ASSIGNMENT: From the line containing "Gas Safe Register has" to the last line of the listing, transcribe exactly and add nothing else; keep both ends and omit pictures.

== PROVIDED RECORDS ==

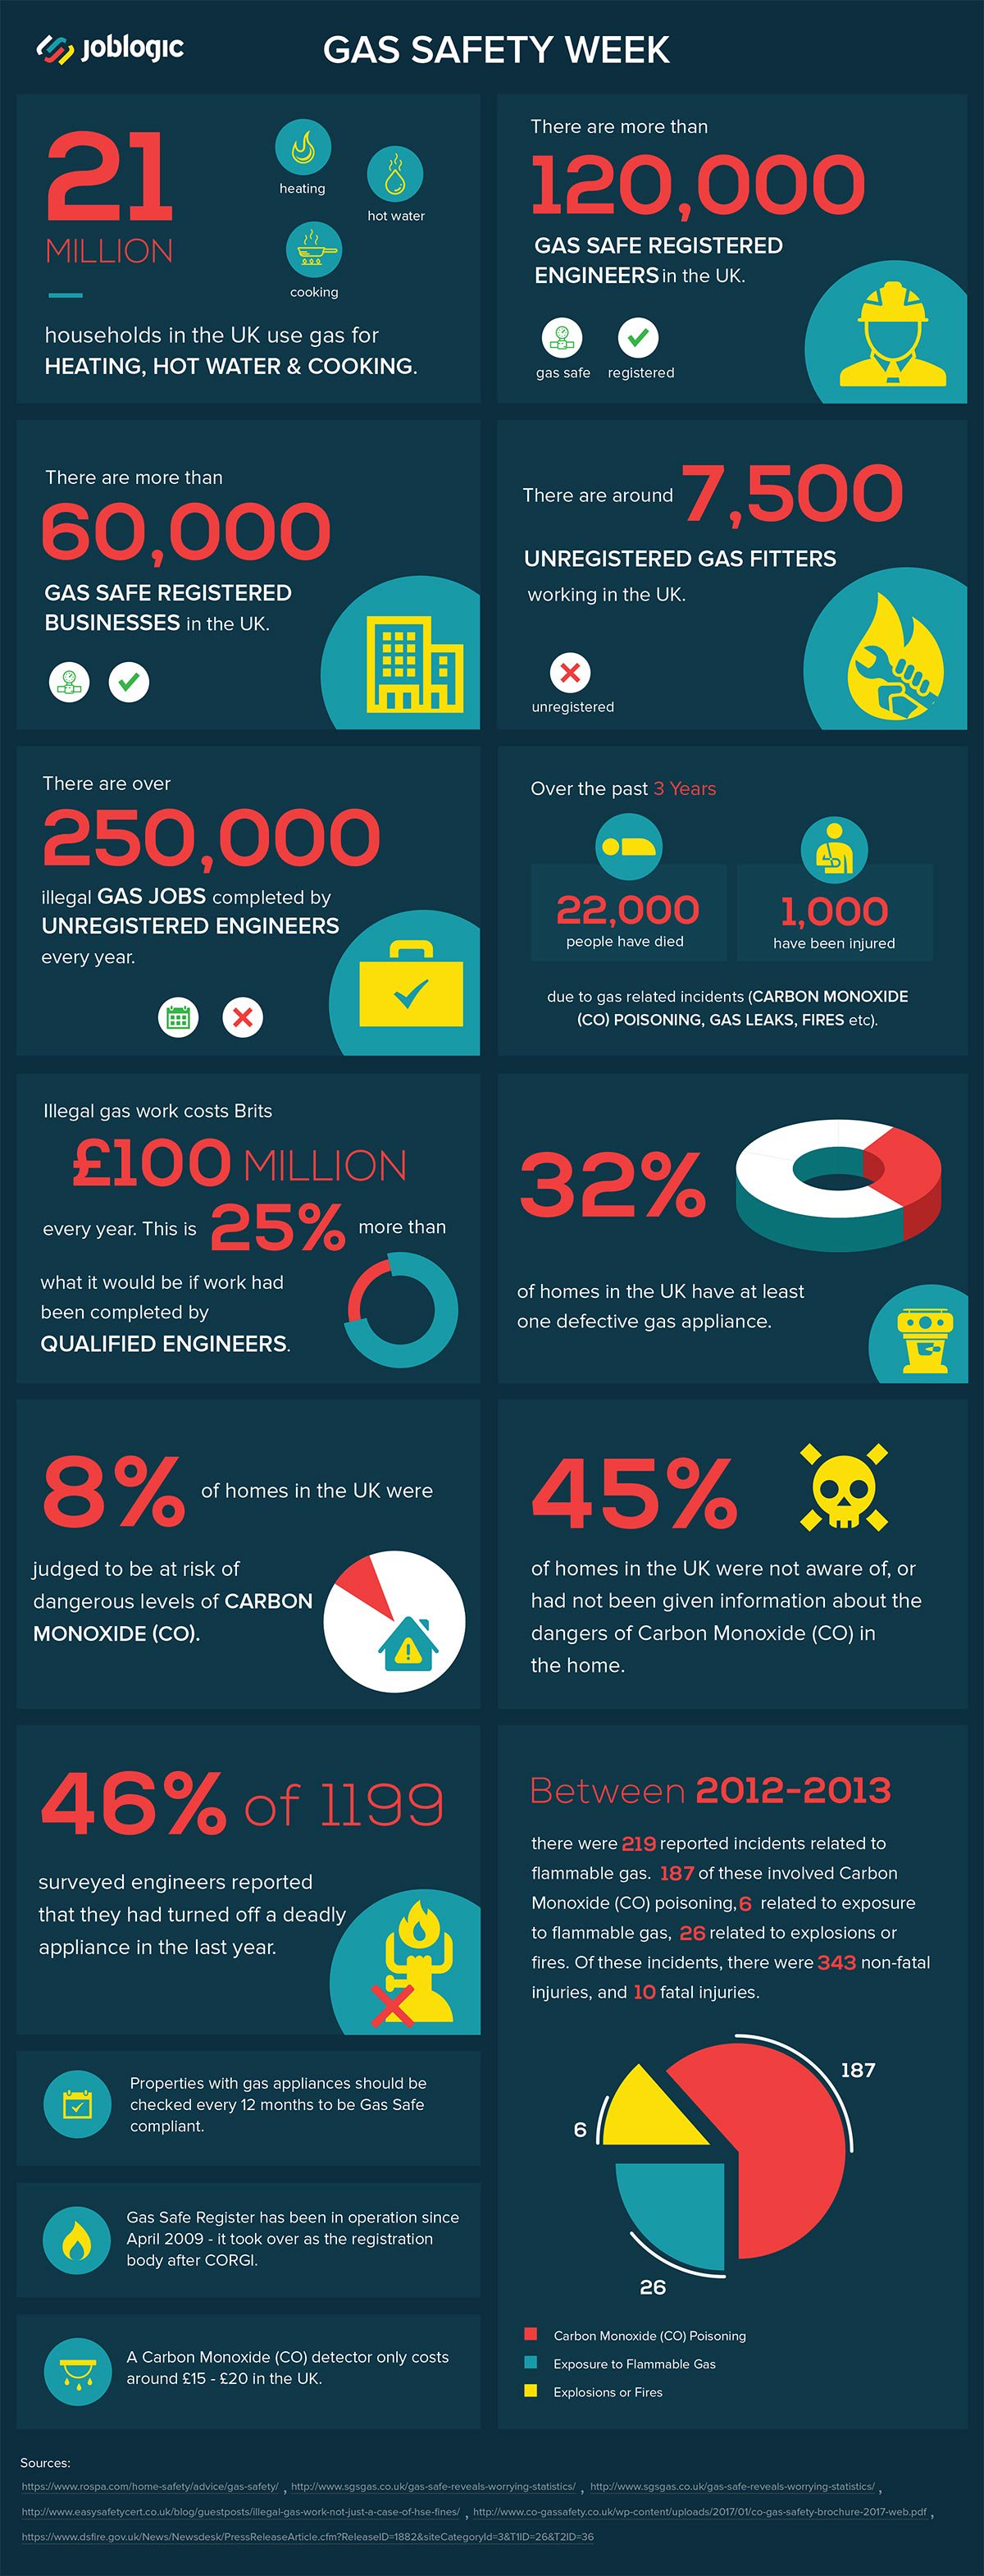 Gas Safety Week Infographic. Details of the infographic follow.

21 million households in the UK use gas for heating, hot water and cooking
There are more than 120,000 Gas Safe Registered engineers in the UK
There are more than 60,000 Gas Safe Registered businesses in the UK
There are around 7,500 unregistered gas fitters working in the UK
There are over 250,000 illegal gas jobs completed by unregistered engineers every year
Over the past 3 years, over 22,000 people have died and 1,000 people have been injured due to gas related incidents
Illegal gas work costs Brits £100 million every year - this is more than 25% more than it would be if the work had been completed by qualified engineers
32% of homes in the UK have at least 1 defective gas applience
8% of homes in the UKwere judged to be at risk of dangerous levels of carbon monoxide
45% of homes in the UK were not aware of, or had not been given information about the dangers of carbon monoxide in the home
46% of 1199 engineers surveyed reported that the had turned off a deadly applience last year
Between 2012 and 2023 there were 219 reported incidents related to flamable gas. 187 of these involed carbon monoxide poisoning, 6 were related to exposure to flamable gas, 26 related to explosions or fires. Of these incidents, there were 343 non-fatal injuried and 10 fatal injuries
Properties with gas appliences should be checked every twelve months to be gas safe complient
Gas Safe Register has been in operation since 2009
A carbon monoxide detector only costs between £15 - £20 in the UK
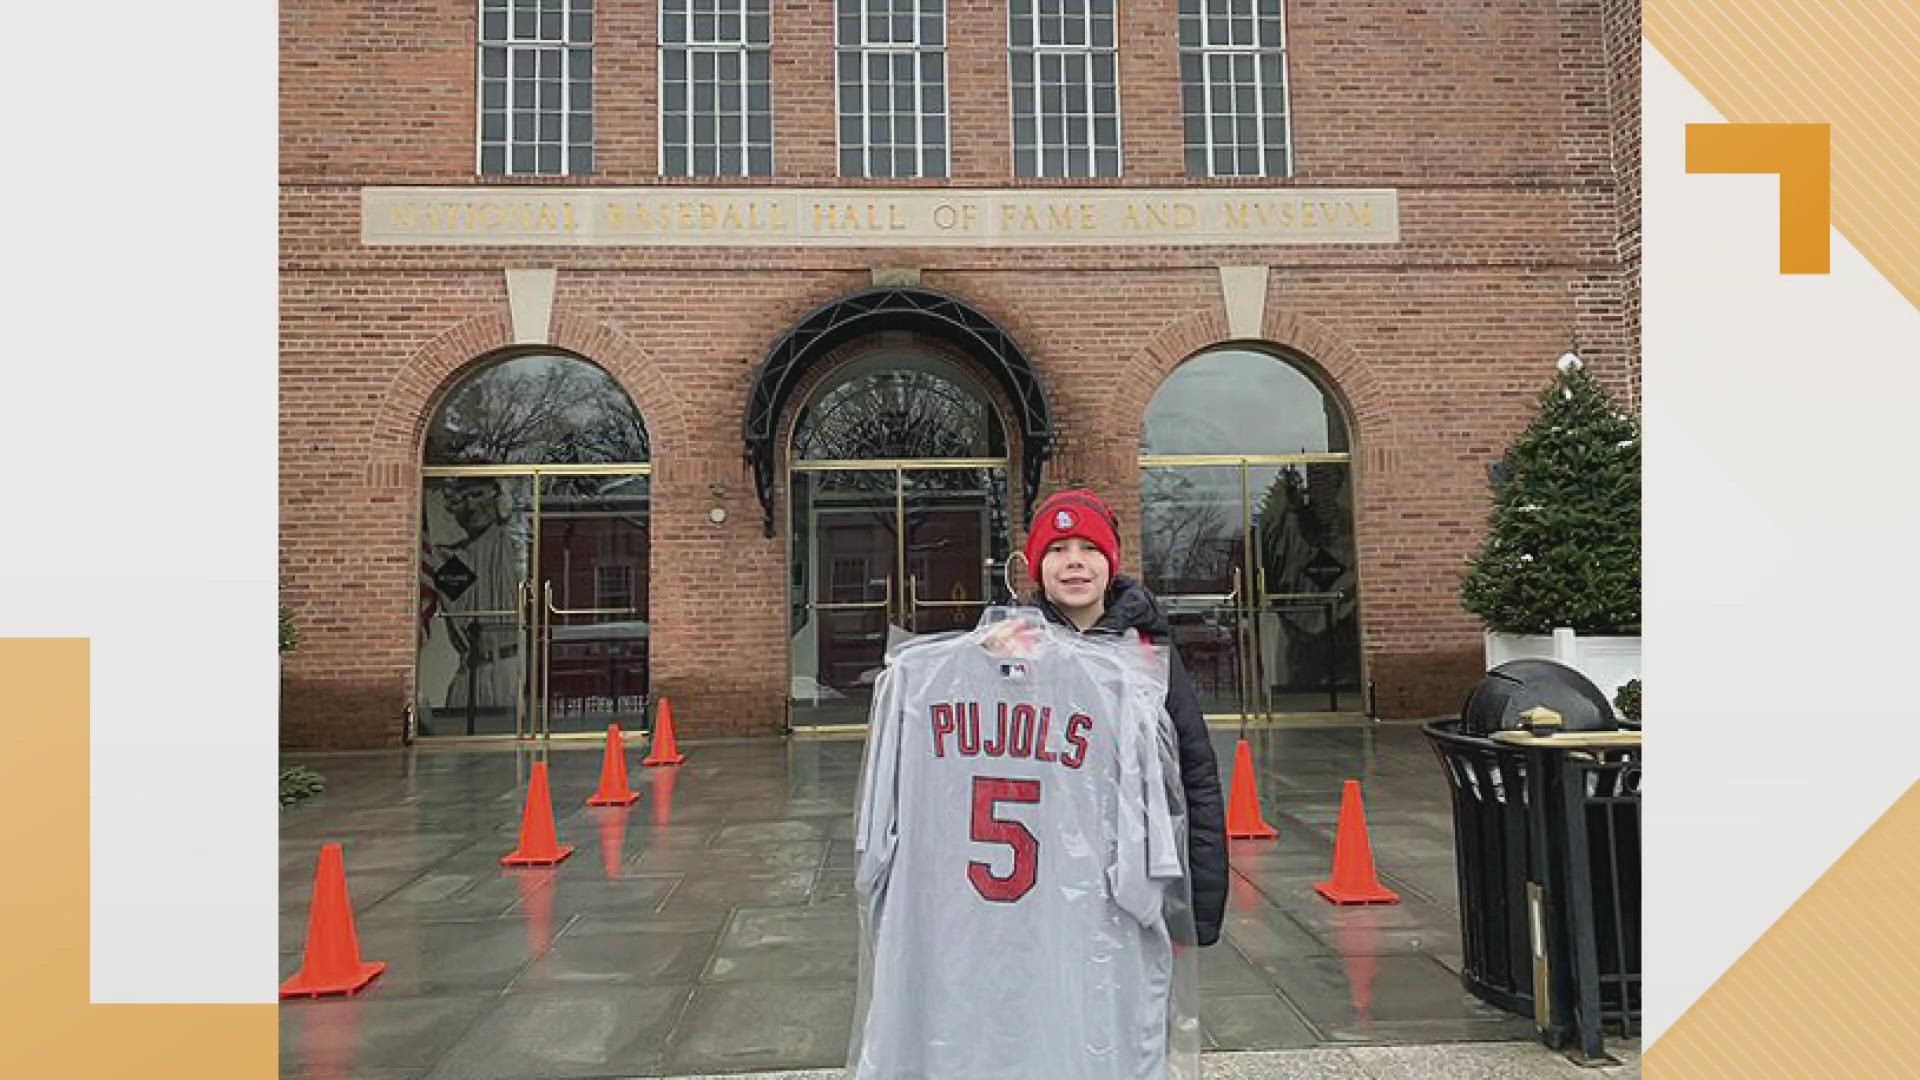 Young fan loans gifted Pujols jersey to Baseball Hall of Fame

===

TASK RESPONSE:
Gas Safe Register has been in operation since 2009
A carbon monoxide detector only costs between £15 - £20 in the UK
 Young fan loans gifted Pujols jersey to Baseball Hall of Fame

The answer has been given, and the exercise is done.